» PROBLEM: Repeat the data verbatim, images excluded.

» DATASET EXTRACT:
▶
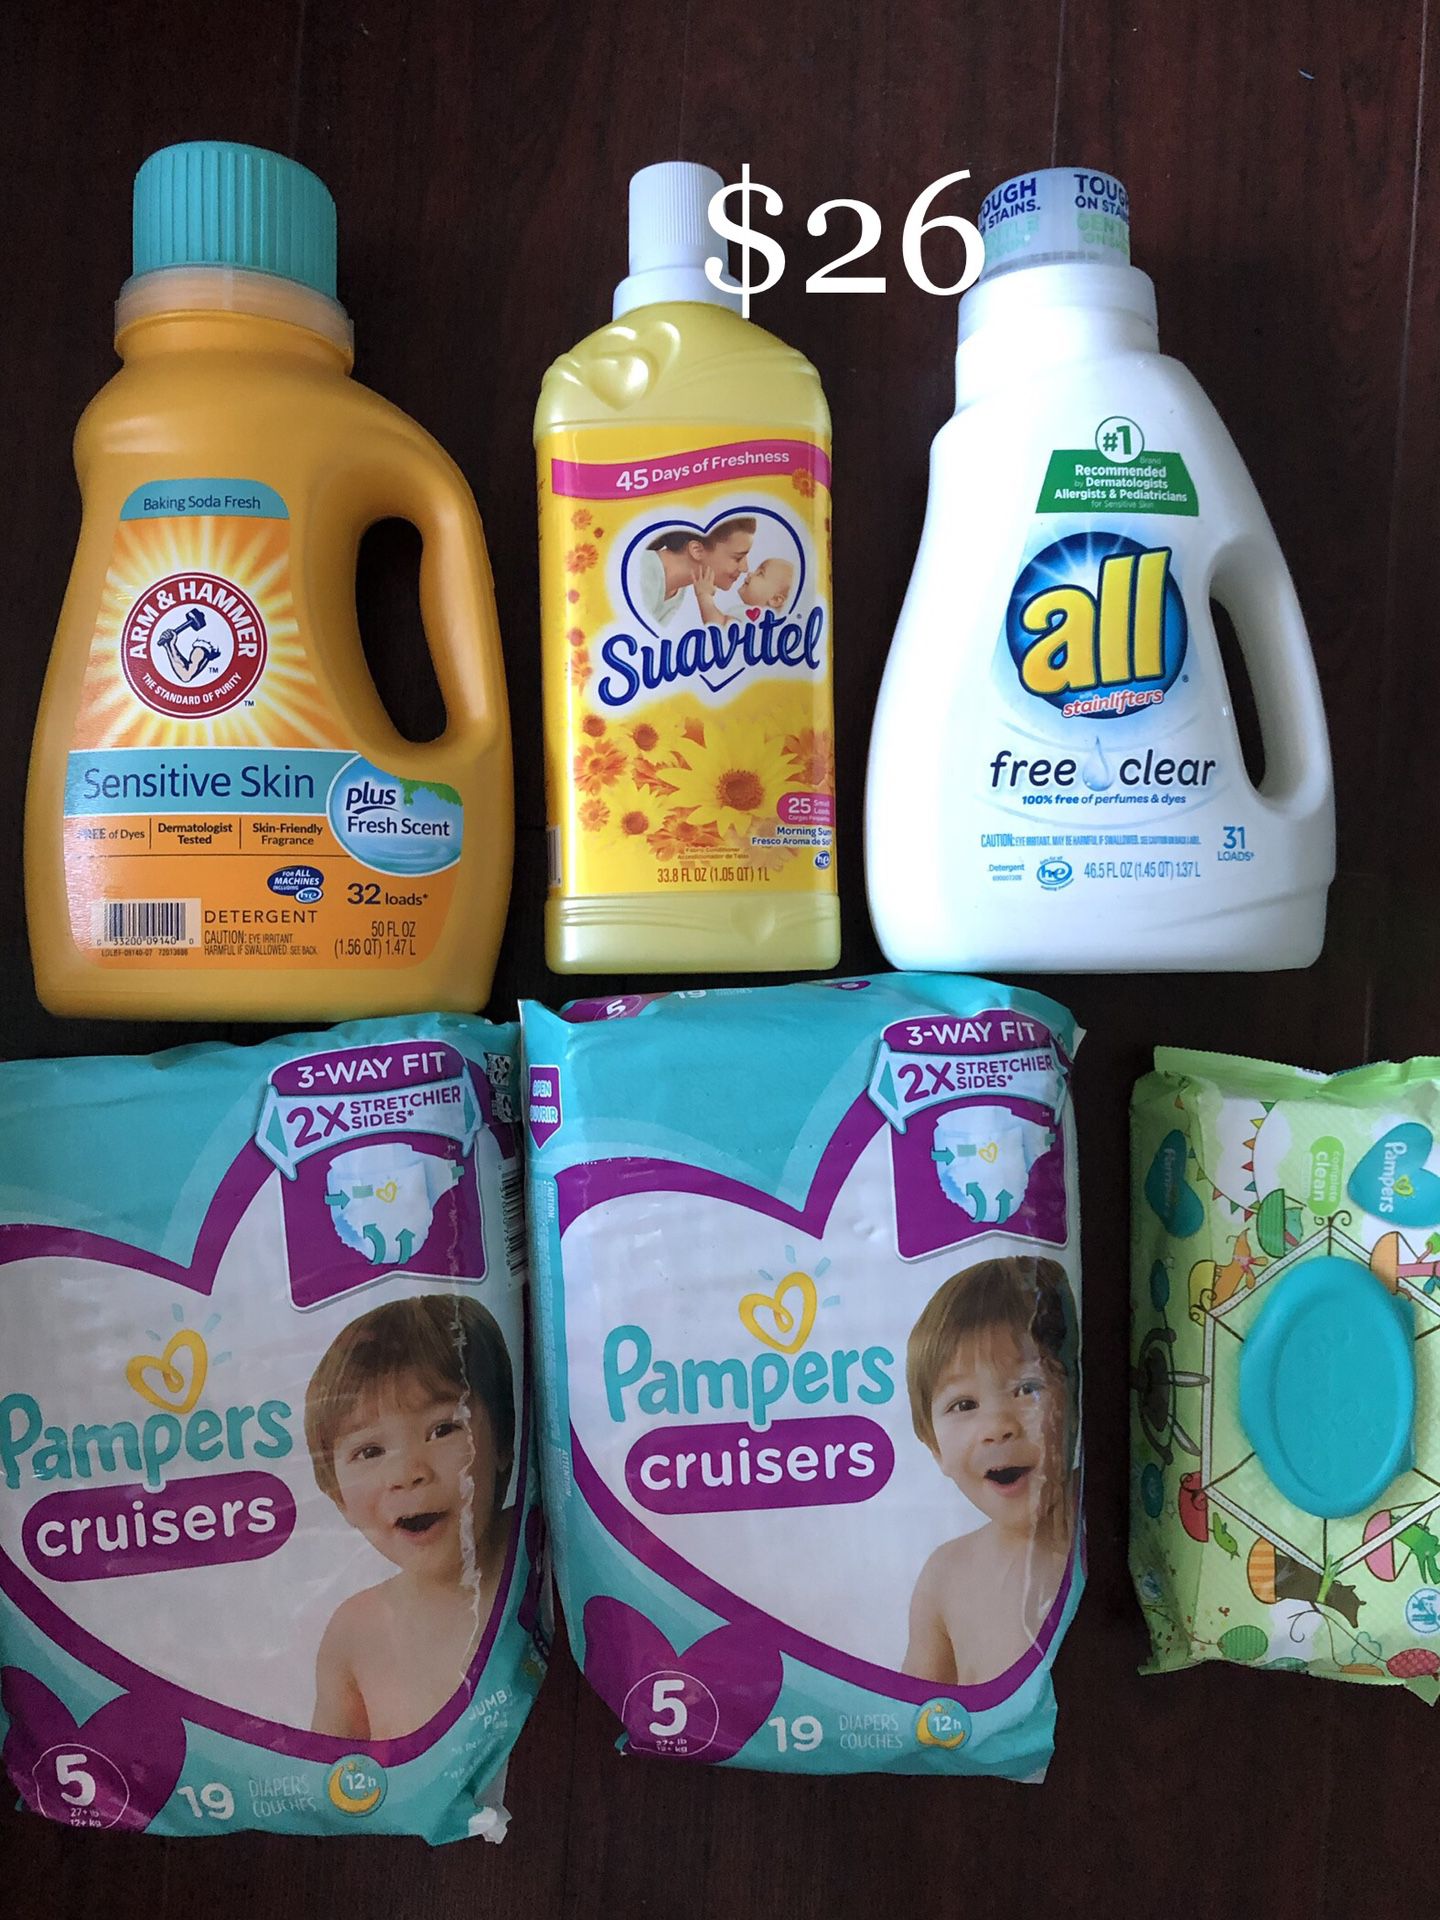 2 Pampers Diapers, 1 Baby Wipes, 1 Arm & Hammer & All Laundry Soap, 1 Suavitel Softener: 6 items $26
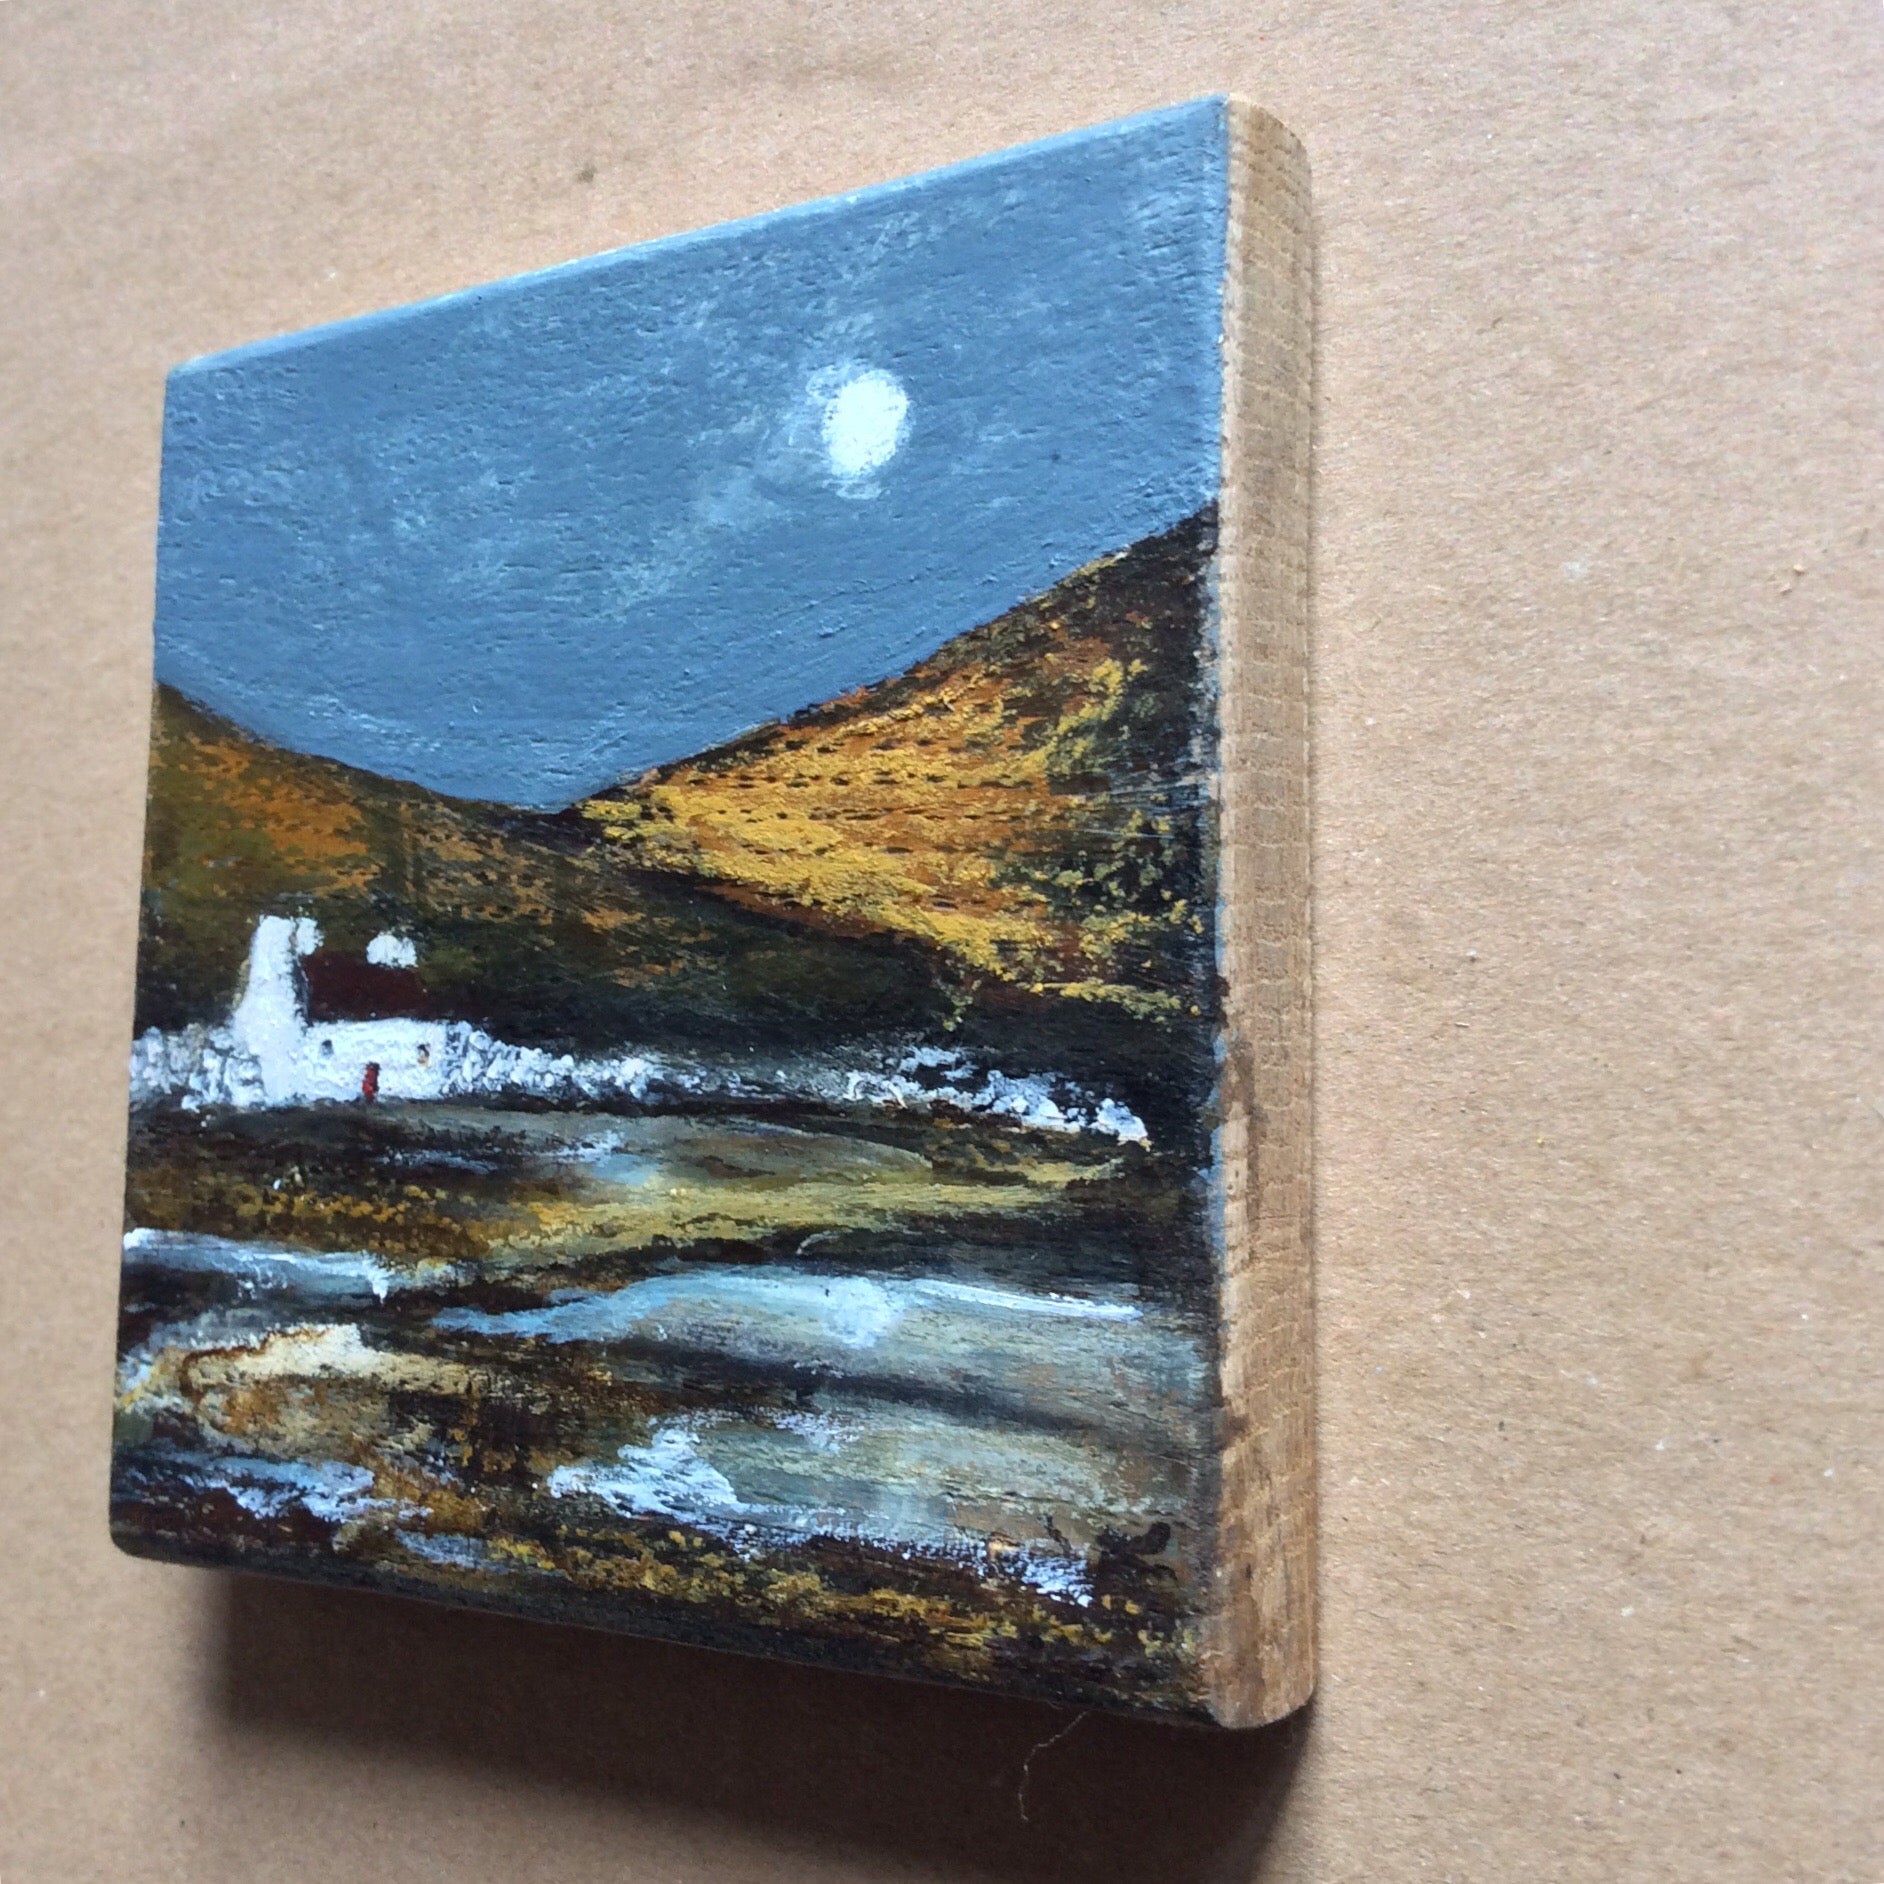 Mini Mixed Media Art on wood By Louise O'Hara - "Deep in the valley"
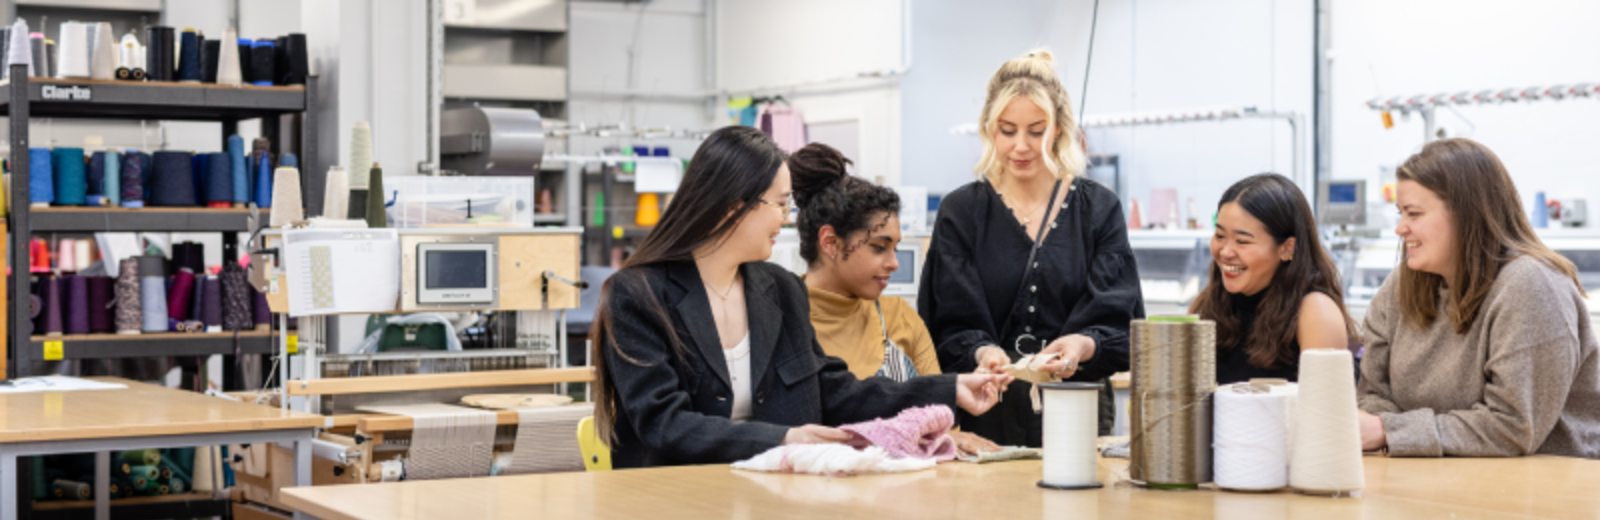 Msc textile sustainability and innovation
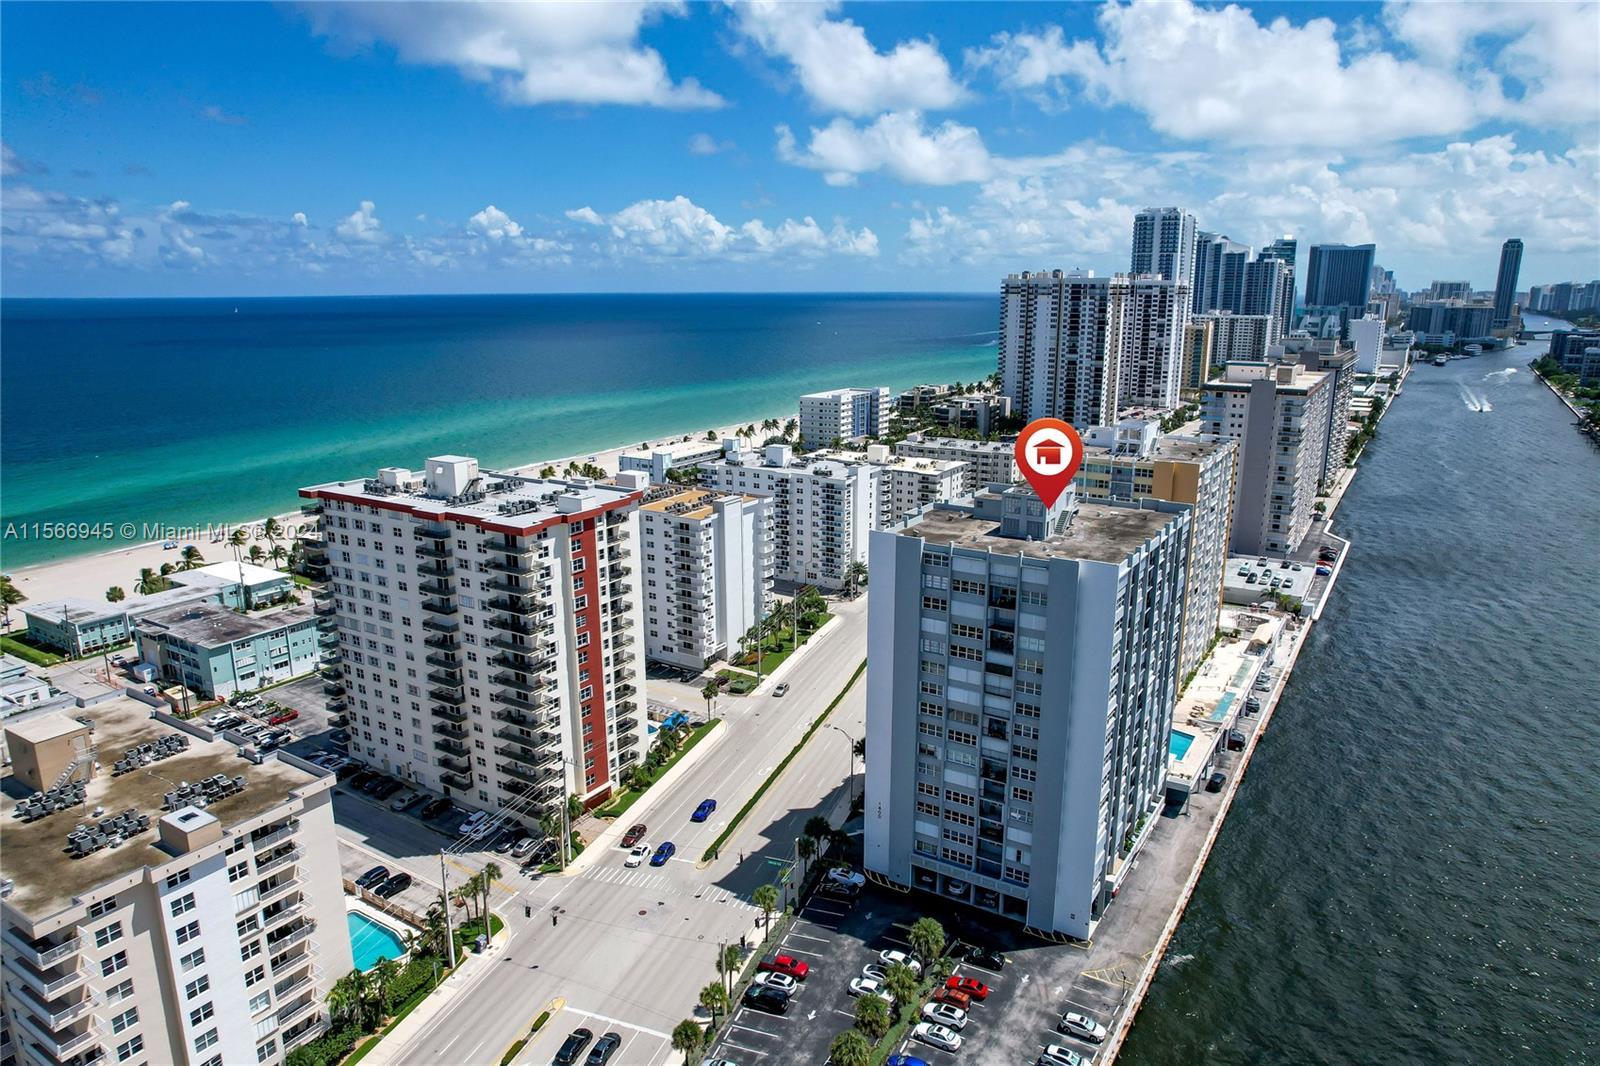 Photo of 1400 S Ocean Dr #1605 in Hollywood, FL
◀
» SOLUTION:
 2 Pampers Diapers, 1 Baby Wipes, 1 Arm & Hammer & All Laundry Soap, 1 Suavitel Softener: 6 items $26
 Mini Mixed Media Art on wood By Louise O'Hara - "Deep in the valley"
 Msc textile sustainability and innovation
 Photo of 1400 S Ocean Dr #1605 in Hollywood, FL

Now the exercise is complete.